News & Commentary

July 14, 2019

On Friday, July 12, Labor Secretary R. Alexander Acosta announced his resignation as Democrats and Republicans alike questioned his handling of a sex crimes case involving financier Jeffrey Epstein when Acosta was a federal prosecutor in Florida. Even before last week, when federal prosecutors in New York charged Epstein with new sex trafficking crimes, Acosta’s tenure in the White House had been rocky. Both business lobbyists and some White House officials, including Mick Mulvaney, the acting White House chief of staff, and Joe Grogan, the director of the Domestic Policy Council, viewed Acosta’s pace of deregulation as too cautious. Acosta’s resignation will take effect on July 19, when his current deputy, Patrick Pizzella, will become acting secretary of labor. Pizzella is seen by associates on Capitol Hill as a harder-charging advocate for industry interests, more inclined than Acosta to rapidly reverse Obama-era policies that favored certain workers and unions.

Also on Friday, Bloomberg reported that the NLRB has overturned precedent without giving prior notice or an opportunity for public input at least 10 times during the Trump administration. The first five of those reversals came in December 2017; in 2019, the NLRB has overturned precedents on its own initiative and without inviting briefing five times so far.
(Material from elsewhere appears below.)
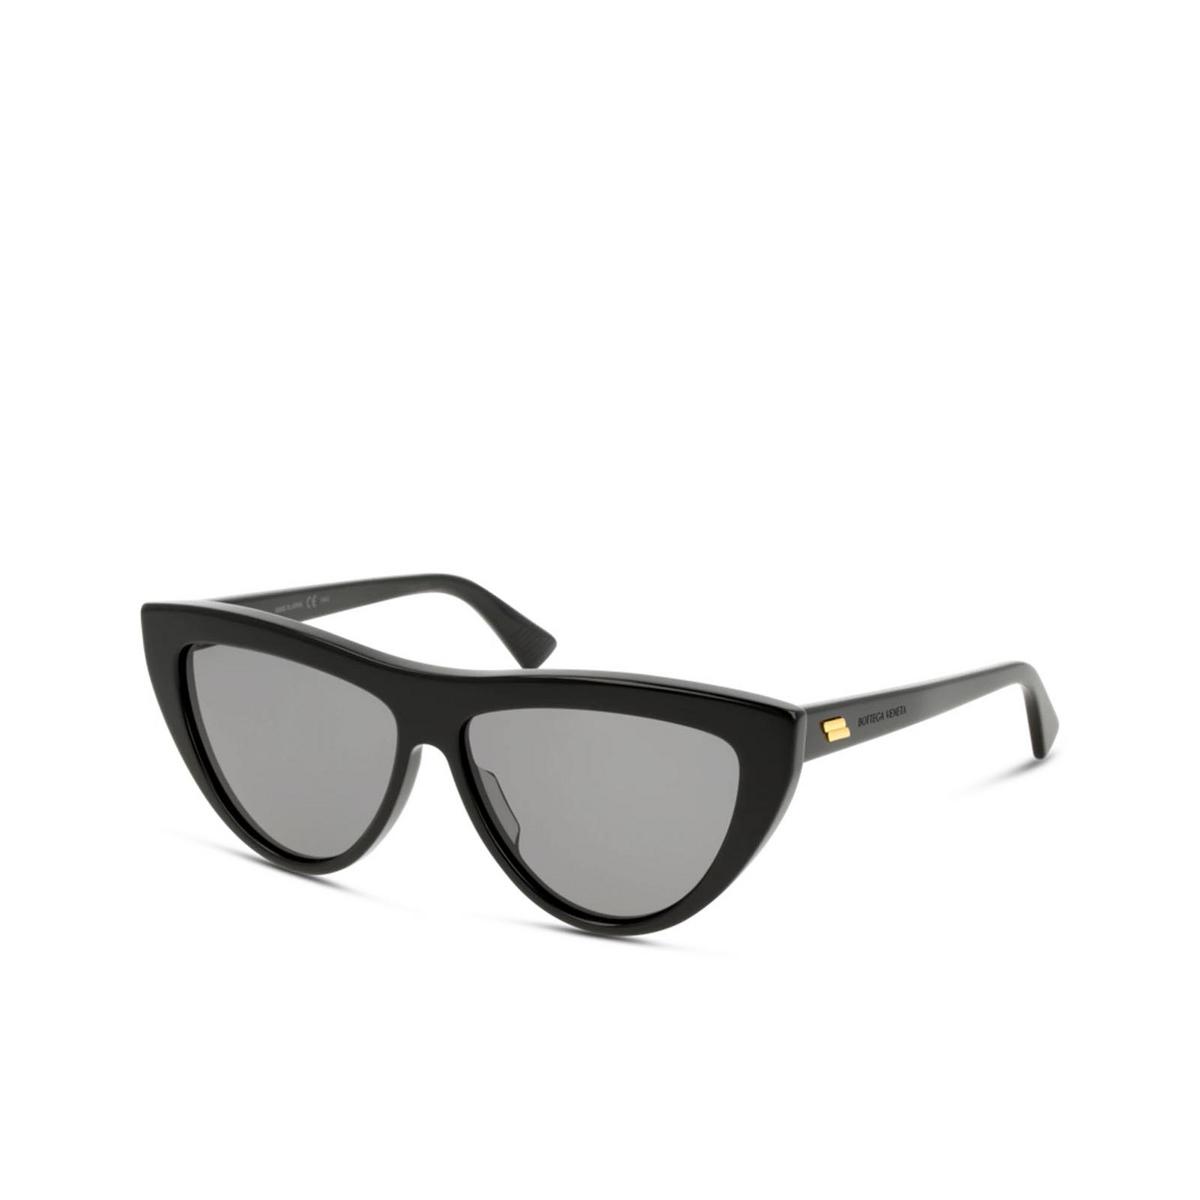 Bottega Veneta® Cat-eye Sunglasses: BV1018S color Black 001 - three-quarters view.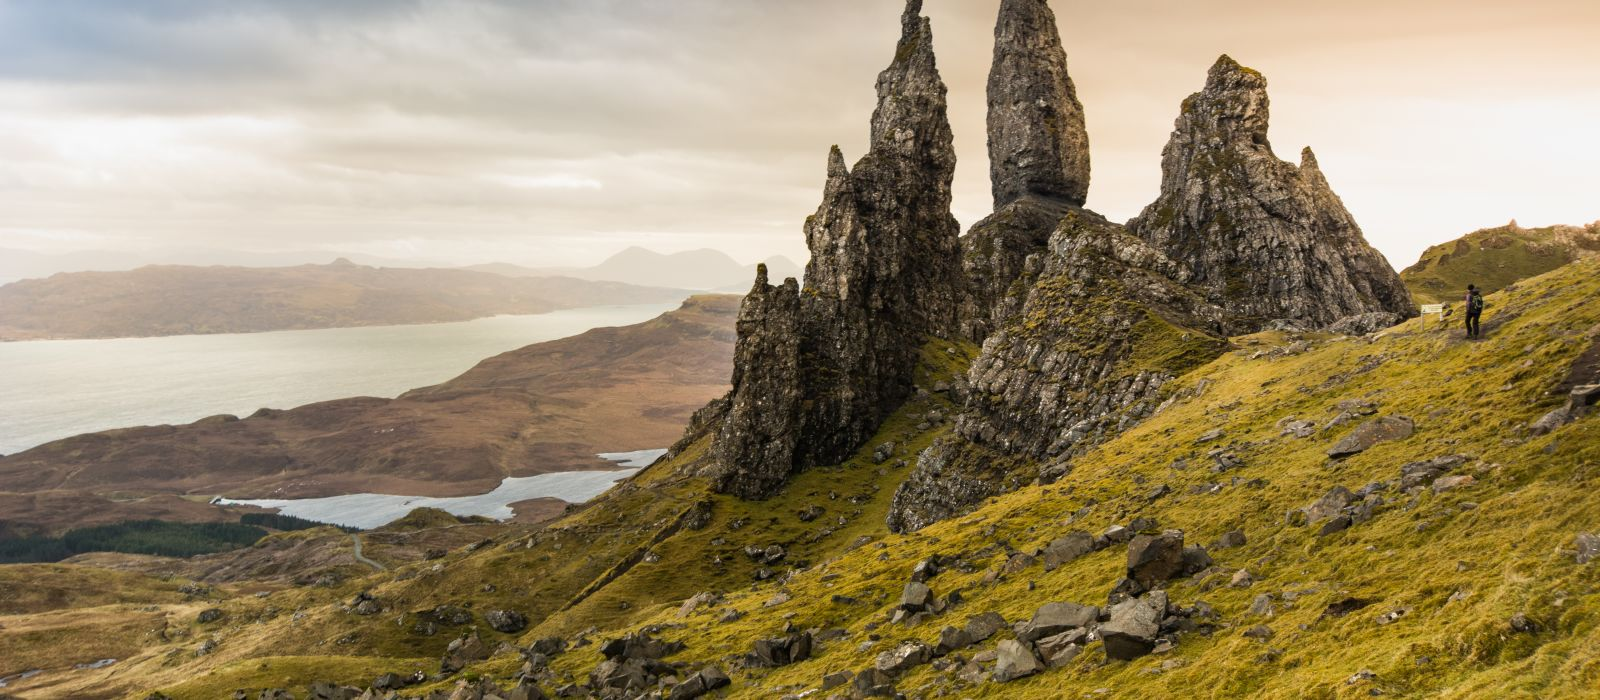 Overland Highlights of Scotland Tour Trip 4

Those decisions set more employer-friendly rules for determining the legality of workplace regulations, the appropriateness of smaller bargaining units, whether workers are employees or independent contractors, and whether union organizers can access parts of company property. The latest reversal, in Johnson Controls, decided on July 3, overruled the existing framework for determining a union’s representative status when employees provide their employer with evidence that 50 percent of the bargaining unit no longer wishes to be represented by the union. The NLRB has invited briefing in only four cases since 2017. The Obama board, by contrast, called for public briefing a dozen times between 2014 and 2016 alone. “It’s a norm to allow the public to weigh in for a reason,” said Sharon Block, a former Democratic NLRB member and a senior contributor to this blog. “It’s a really important part of the process. The current board certainly hasn’t provided a good reason for breaking with that norm.”

On Wednesday, July 10, the House passed H.R. 1044, the Fairness for High-Skilled Immigrants Act of 2019, by a vote of 365 to 65. The bill would eliminate current per-country caps for employment-based immigrants, which restrict the number of employment-based green cards that can be awarded to immigrants from any one country to seven percent of the total number issued per fiscal year. Under the proposed bill, employment-based green cards would be issued on a first-come, first-serve basis, regardless of nationality. The bill now moves to the Senate, where senators have reportedly reached an agreement on a version of a companion bill, S. 386, that would impose tighter restrictions on immigrant recruitment and create new reporting requirements for H-1B visa sponsors.

Also on Wednesday, New York Governor Andrew Cuomo signed two bills that are expected to shrink the pay gap between men and women in the state. New York had previously barred pay differences based on gender, but the new bills provide further protections. One will prohibit employers from asking prospective employees about their salary history, thereby depriving employers of a means of justifying lower pay for previously under-paid female workers. The other will expand existing law to require equal pay for “substantially similar work” performed by people of different classes, including gender, race, age, or sexual orientation. Women in New York are currently paid 88 cents for every dollar earned by men.